Now that you've split the array, you'll merge the piles together while sorting them. Remember, the idea is to solve many small problems rather than a big one. For each merge iteration you'll only be concerned at merging one pile with another.

Given the piles [2] [1] [5] [4] [9], the first pass will result in [1, 2] and [4, 5] and [9]. Since [9] is the odd one out, you can't merge it with anything during this pass.

The next pass will merge [1, 2] and [4, 5] together. This results in [1, 2, 4, 5], with the [9] left out again since it's the odd one out.

You're left with only two piles and [9] finally gets its chance to merge, resulting in the sorted array [1, 2, 4, 5, 9].

Top-down implementation

Here's what merge sort may look like in Swift:

func mergeSort(_ array: [Int]) -> [Int] {
  guard array.count > 1 else { return array }    // 1

  let middleIndex = array.count / 2              // 2

  let leftArray = mergeSort(Array(array[0..<middleIndex]))             // 3

  let rightArray = mergeSort(Array(array[middleIndex..<array.count]))  // 4

  return merge(leftPile: leftArray, rightPile: rightArray)             // 5
}

A step-by-step explanation of how the code works:

If the array is empty or only contains a single element, there's no way to split it into smaller pieces. You'll just return the array.
Find the middle index.
Using the middle index from the previous step, recursively split the left side of the array.
Also recursively split the right side of the array.
Finally, merge all the values together, making sure that it's always sorted.

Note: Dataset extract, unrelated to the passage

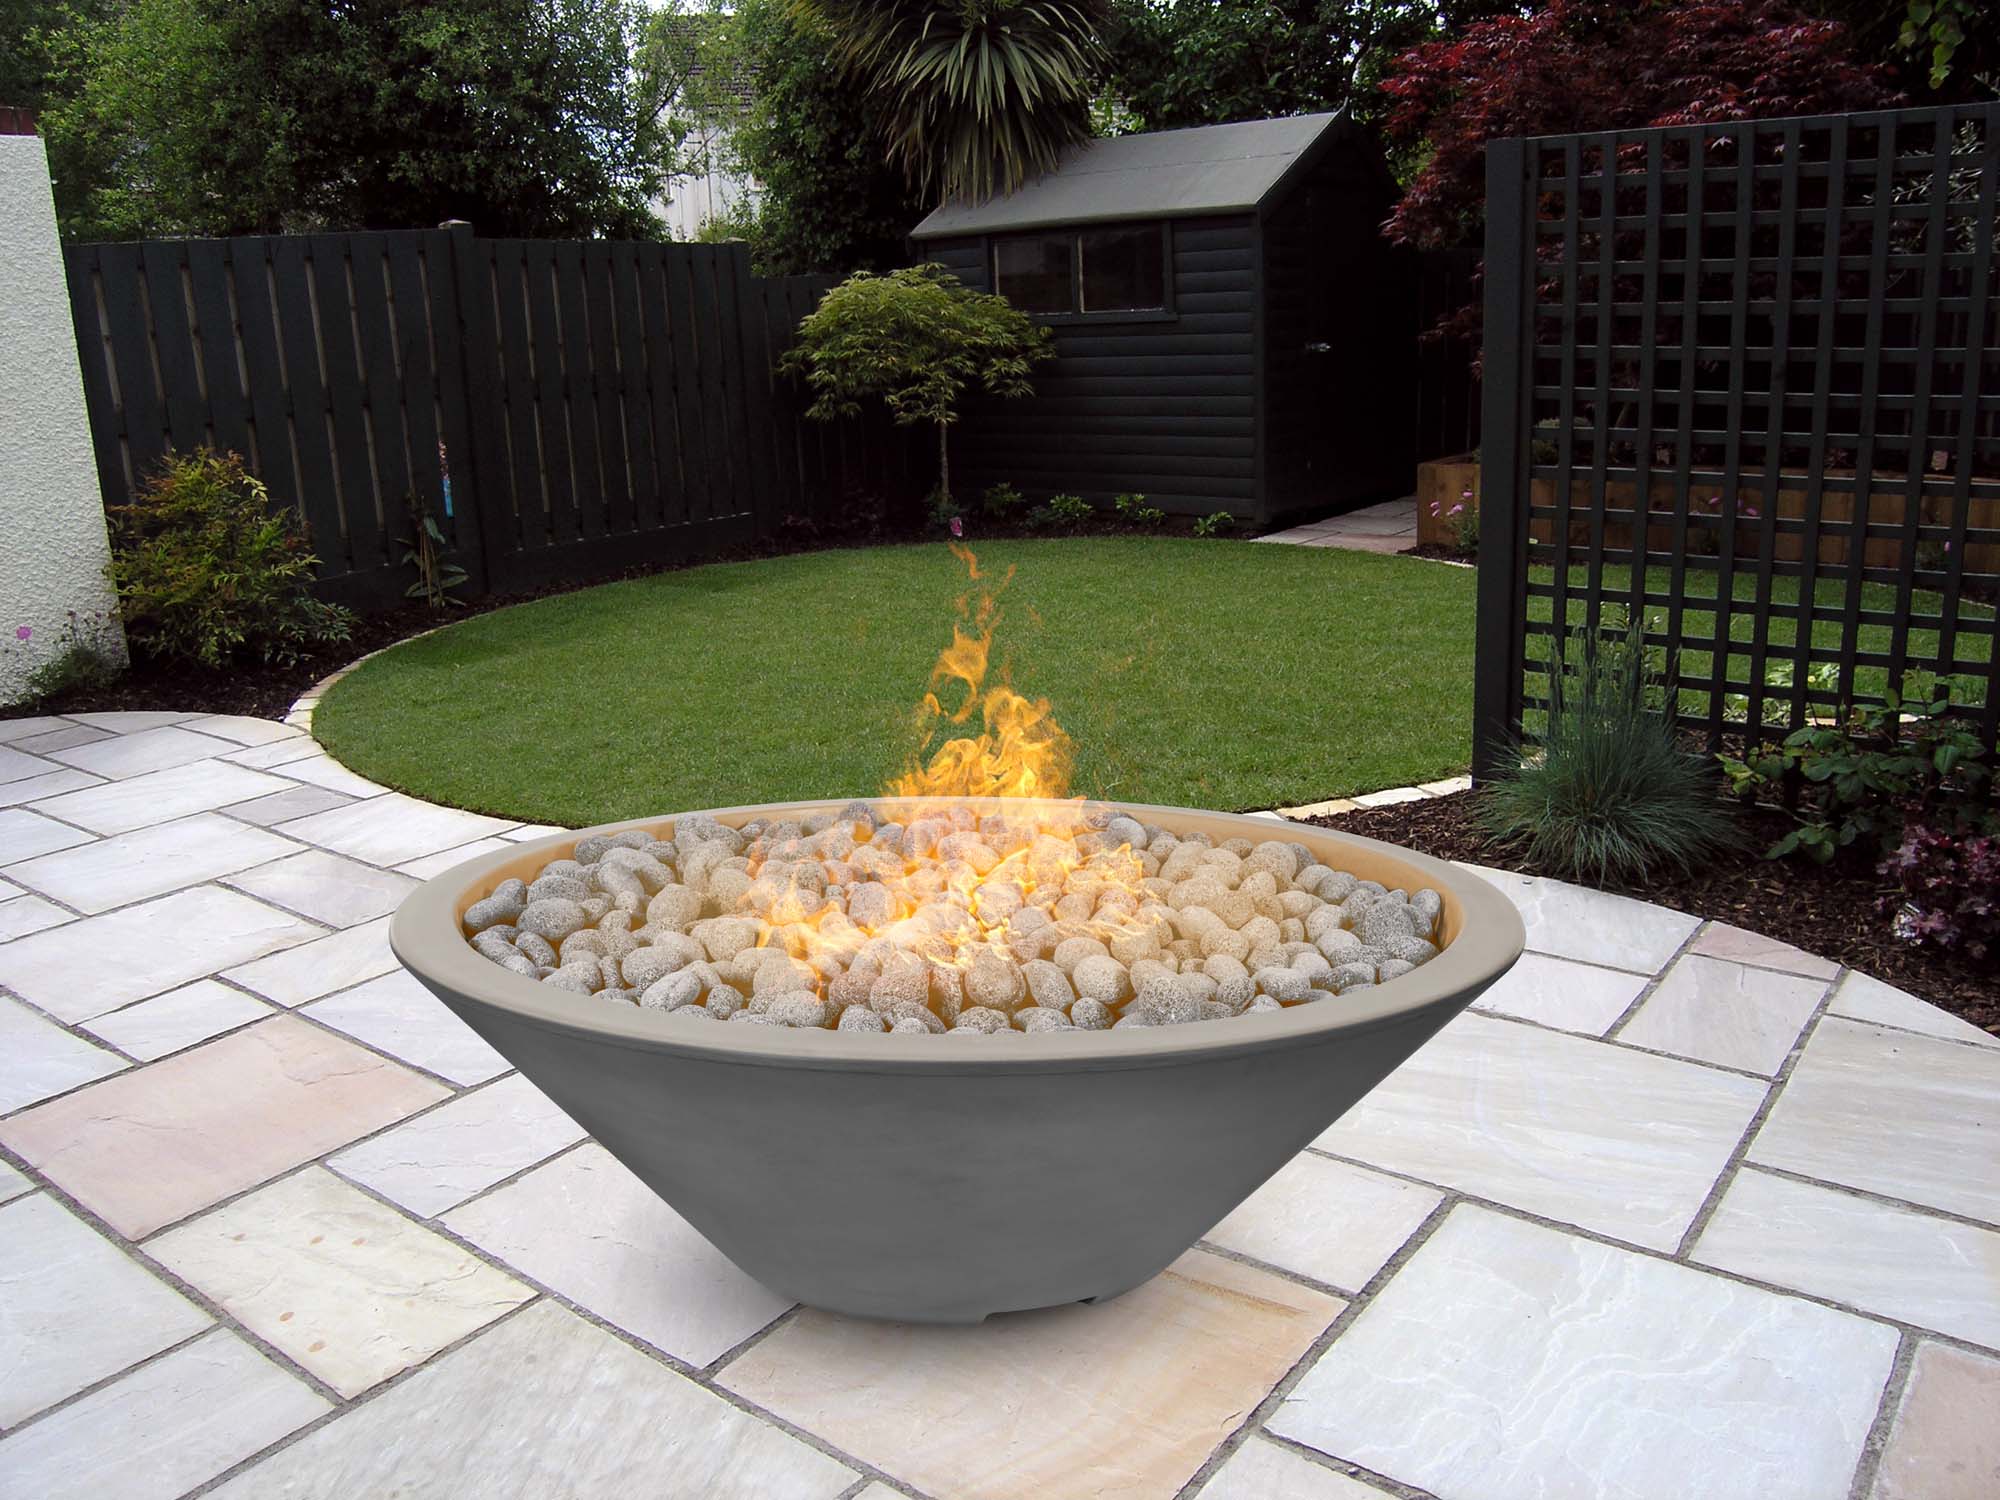 The Outdoor Plus 60" Narrow Ledge Round Cazo Fire Pit-GFRC Concrete -Spark Ignition with Flame Sense -Natural Gas- Lifestyle Outdoor

Here's the merging algorithm:

func merge(leftPile: [Int], rightPile: [Int]) -> [Int] {
  // 1
  var leftIndex = 0
  var rightIndex = 0

  // 2 
  var orderedPile = [Int]()

  // 3
  while leftIndex < leftPile.count && rightIndex < rightPile.count {
    if leftPile[leftIndex] < rightPile[rightIndex] {
      orderedPile.append(leftPile[leftIndex])
      leftIndex += 1
    } else if leftPile[leftIndex] > rightPile[rightIndex] {
      orderedPile.append(rightPile[rightIndex])
      rightIndex += 1
    } else {
      orderedPile.append(leftPile[leftIndex])
      leftIndex += 1
      orderedPile.append(rightPile[rightIndex])
      rightIndex += 1
    }
  }

  // 4
  while leftIndex < leftPile.count {
    orderedPile.append(leftPile[leftIndex])
    leftIndex += 1
  }

  while rightIndex < rightPile.count {
    orderedPile.append(rightPile[rightIndex])
    rightIndex += 1
  }

  return orderedPile
}

This method may look scary but it is quite straightforward:

You need two indexes to keep track of your progress for the two arrays while merging.
This is the merged array. It's empty right now, but you'll build it up in subsequent steps by appending elements from the other arrays.
This while loop will compare the elements from the left and right sides, and append them to the orderedPile while making sure that the result stays in order.
If control exits from the previous while loop, it means that either leftPile or rightPile has its contents completely merged into the orderedPile. At this point, you no longer need to do comparisons. Just append the rest of the contents of the other array until there's no more to append.

As an example of how merge() works, suppose that we have the following piles: leftPile = [1, 7, 8] and rightPile = [3, 6, 9]. Note that each of these piles is individually sorted already -- that is always true with merge sort. These are merged into one larger sorted pile in the following steps:

leftPile       rightPile       orderedPile
[ 1, 7, 8 ]    [ 3, 6, 9 ]     [ ]
  l              r

The left index, here represented as l, points at the first item from the left pile, 1. The right index, r, points at 3. Therefore, the first item we add to orderedPile is 1. We also move the left index l to the next item.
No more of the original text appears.